→ **Activity**:
Please take the lines from the one holding "Diy 15 minuten" through the one holding "Bikini Lookbook Mimi Ikonn" in the data below and copy them exactly.

→ **Data for this task**:

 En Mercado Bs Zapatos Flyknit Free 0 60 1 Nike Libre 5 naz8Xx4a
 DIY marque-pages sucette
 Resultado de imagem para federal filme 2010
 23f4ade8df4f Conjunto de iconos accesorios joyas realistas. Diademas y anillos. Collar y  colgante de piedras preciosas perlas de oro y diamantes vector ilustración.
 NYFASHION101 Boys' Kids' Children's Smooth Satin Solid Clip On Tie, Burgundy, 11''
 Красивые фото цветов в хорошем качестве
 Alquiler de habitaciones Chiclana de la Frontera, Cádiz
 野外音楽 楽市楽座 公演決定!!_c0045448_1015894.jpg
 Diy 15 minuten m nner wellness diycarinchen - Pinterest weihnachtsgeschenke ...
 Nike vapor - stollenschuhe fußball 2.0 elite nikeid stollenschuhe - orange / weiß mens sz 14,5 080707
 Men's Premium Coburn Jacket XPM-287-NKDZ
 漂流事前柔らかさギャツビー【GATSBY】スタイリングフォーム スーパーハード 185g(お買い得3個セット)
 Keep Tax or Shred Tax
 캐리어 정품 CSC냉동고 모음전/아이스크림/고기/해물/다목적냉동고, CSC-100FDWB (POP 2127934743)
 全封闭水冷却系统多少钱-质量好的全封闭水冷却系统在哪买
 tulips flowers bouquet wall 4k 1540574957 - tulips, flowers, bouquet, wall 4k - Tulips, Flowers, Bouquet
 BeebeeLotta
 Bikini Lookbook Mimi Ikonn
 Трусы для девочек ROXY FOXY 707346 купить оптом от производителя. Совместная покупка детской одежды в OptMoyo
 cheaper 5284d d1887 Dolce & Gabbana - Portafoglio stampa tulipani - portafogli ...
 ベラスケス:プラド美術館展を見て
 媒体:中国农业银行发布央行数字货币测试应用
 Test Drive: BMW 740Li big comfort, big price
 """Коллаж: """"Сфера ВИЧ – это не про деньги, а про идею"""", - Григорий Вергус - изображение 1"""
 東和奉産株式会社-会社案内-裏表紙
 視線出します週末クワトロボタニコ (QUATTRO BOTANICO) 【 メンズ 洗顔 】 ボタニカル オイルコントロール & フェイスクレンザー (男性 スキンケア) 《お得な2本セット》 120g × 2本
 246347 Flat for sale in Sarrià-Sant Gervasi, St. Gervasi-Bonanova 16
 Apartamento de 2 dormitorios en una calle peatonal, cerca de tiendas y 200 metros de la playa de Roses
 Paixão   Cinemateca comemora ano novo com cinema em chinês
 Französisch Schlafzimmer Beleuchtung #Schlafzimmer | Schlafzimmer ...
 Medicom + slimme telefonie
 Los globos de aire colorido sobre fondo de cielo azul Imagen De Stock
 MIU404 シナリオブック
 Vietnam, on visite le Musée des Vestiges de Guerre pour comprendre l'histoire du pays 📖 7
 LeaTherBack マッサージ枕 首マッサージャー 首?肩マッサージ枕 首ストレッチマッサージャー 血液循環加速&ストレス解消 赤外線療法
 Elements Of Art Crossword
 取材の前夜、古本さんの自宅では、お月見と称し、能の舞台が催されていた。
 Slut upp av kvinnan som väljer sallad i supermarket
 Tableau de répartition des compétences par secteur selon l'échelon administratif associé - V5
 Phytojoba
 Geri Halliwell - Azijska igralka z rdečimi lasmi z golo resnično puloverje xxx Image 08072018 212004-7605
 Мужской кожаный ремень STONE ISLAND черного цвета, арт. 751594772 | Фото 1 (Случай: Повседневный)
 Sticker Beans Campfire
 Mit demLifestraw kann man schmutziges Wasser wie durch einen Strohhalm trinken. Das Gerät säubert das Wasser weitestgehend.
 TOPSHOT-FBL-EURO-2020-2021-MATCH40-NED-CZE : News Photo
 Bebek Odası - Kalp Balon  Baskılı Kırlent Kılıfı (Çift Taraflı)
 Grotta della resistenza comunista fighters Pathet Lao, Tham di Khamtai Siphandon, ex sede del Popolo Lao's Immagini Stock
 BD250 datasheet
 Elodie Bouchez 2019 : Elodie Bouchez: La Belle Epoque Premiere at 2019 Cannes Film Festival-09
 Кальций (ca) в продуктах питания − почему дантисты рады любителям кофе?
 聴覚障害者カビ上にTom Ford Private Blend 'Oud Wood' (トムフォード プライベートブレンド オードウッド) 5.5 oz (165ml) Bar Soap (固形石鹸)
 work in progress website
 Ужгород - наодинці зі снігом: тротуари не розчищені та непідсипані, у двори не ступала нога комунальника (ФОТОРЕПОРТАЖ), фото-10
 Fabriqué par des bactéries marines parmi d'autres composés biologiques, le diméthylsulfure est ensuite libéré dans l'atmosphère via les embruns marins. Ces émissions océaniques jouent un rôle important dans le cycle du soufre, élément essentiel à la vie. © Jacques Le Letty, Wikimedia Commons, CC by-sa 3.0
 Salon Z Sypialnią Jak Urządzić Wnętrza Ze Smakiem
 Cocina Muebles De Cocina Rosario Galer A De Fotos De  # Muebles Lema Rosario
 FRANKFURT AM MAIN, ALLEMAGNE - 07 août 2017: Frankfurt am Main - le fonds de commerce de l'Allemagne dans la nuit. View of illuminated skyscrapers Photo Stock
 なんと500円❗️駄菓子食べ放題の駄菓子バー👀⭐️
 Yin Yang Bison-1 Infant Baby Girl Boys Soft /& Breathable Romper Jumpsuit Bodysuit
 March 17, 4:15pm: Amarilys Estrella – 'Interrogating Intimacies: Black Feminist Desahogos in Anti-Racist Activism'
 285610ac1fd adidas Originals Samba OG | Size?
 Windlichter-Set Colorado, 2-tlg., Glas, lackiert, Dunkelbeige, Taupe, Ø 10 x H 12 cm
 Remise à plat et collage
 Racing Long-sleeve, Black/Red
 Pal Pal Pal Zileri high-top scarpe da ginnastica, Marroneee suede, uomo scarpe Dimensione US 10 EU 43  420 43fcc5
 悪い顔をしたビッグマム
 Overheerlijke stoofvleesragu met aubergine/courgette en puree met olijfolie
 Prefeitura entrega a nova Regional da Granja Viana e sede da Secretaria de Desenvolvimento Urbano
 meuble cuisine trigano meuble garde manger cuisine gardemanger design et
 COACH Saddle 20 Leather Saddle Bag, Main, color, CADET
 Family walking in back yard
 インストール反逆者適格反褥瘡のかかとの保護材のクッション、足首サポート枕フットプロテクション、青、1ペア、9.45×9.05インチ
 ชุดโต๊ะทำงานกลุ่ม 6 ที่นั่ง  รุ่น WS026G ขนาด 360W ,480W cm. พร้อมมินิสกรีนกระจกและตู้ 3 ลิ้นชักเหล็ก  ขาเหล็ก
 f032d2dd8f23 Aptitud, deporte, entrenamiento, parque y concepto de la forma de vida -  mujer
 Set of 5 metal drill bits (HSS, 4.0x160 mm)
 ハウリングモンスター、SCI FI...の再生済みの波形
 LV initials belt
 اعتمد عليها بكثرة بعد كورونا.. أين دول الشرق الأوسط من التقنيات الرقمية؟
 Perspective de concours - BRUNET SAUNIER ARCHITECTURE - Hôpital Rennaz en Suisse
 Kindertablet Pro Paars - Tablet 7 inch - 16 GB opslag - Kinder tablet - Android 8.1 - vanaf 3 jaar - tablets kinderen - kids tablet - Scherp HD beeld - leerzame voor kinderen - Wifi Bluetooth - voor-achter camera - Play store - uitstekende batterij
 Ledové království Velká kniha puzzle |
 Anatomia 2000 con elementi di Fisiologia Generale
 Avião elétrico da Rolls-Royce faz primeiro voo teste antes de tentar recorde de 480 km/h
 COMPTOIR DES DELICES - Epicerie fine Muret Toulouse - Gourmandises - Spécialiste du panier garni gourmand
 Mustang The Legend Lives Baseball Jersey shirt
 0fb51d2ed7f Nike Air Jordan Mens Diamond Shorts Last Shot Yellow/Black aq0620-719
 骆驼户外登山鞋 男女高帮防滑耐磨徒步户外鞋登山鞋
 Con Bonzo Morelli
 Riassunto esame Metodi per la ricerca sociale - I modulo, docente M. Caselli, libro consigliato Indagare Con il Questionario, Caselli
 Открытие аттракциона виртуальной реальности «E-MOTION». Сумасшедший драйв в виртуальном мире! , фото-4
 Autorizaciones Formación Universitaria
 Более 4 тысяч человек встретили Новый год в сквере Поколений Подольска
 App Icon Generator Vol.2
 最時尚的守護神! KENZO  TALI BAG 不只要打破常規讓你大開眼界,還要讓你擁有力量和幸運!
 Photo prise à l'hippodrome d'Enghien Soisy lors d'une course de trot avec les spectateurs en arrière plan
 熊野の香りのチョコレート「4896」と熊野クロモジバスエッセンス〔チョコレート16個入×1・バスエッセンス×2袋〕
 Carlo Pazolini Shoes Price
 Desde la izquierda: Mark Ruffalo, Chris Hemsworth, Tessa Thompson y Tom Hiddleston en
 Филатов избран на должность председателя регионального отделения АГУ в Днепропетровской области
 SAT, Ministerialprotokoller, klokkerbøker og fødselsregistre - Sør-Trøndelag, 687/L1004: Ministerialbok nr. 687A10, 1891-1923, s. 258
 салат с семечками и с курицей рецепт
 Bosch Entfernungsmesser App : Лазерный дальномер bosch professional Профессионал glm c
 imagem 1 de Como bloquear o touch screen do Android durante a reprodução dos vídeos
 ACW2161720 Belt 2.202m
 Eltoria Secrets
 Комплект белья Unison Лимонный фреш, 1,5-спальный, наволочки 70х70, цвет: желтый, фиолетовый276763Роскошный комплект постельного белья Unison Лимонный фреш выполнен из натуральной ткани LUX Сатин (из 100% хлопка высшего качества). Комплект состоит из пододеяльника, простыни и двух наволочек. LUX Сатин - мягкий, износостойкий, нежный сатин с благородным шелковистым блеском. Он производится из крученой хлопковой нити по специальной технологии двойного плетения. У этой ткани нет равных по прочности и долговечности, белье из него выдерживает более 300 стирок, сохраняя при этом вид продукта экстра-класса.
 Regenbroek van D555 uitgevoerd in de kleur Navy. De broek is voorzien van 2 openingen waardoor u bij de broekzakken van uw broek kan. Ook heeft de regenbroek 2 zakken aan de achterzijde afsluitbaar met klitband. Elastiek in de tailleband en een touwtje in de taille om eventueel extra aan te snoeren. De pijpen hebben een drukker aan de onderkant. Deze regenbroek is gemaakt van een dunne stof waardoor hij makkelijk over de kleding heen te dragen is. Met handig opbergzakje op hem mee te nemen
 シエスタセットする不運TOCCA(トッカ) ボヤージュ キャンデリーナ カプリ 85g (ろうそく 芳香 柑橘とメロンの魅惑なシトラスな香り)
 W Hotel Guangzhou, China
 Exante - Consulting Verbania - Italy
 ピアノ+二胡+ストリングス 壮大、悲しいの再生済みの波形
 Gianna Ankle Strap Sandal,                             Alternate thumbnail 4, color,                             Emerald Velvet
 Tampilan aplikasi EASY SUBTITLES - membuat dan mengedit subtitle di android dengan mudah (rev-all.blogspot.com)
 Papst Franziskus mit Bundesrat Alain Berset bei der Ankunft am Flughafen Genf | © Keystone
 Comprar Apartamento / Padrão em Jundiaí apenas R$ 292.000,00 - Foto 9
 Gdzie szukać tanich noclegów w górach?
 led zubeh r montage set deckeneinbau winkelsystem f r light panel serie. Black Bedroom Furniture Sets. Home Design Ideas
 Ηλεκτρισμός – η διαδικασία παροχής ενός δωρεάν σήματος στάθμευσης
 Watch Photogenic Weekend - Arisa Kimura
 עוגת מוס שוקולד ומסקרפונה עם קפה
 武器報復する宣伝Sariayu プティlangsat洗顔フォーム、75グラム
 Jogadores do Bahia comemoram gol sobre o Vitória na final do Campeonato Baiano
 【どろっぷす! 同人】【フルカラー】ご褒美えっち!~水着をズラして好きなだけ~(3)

→ **Reply**:
 Diy 15 minuten m nner wellness diycarinchen - Pinterest weihnachtsgeschenke ...
 Nike vapor - stollenschuhe fußball 2.0 elite nikeid stollenschuhe - orange / weiß mens sz 14,5 080707
 Men's Premium Coburn Jacket XPM-287-NKDZ
 漂流事前柔らかさギャツビー【GATSBY】スタイリングフォーム スーパーハード 185g(お買い得3個セット)
 Keep Tax or Shred Tax
 캐리어 정품 CSC냉동고 모음전/아이스크림/고기/해물/다목적냉동고, CSC-100FDWB (POP 2127934743)
 全封闭水冷却系统多少钱-质量好的全封闭水冷却系统在哪买
 tulips flowers bouquet wall 4k 1540574957 - tulips, flowers, bouquet, wall 4k - Tulips, Flowers, Bouquet
 BeebeeLotta
 Bikini Lookbook Mimi Ikonn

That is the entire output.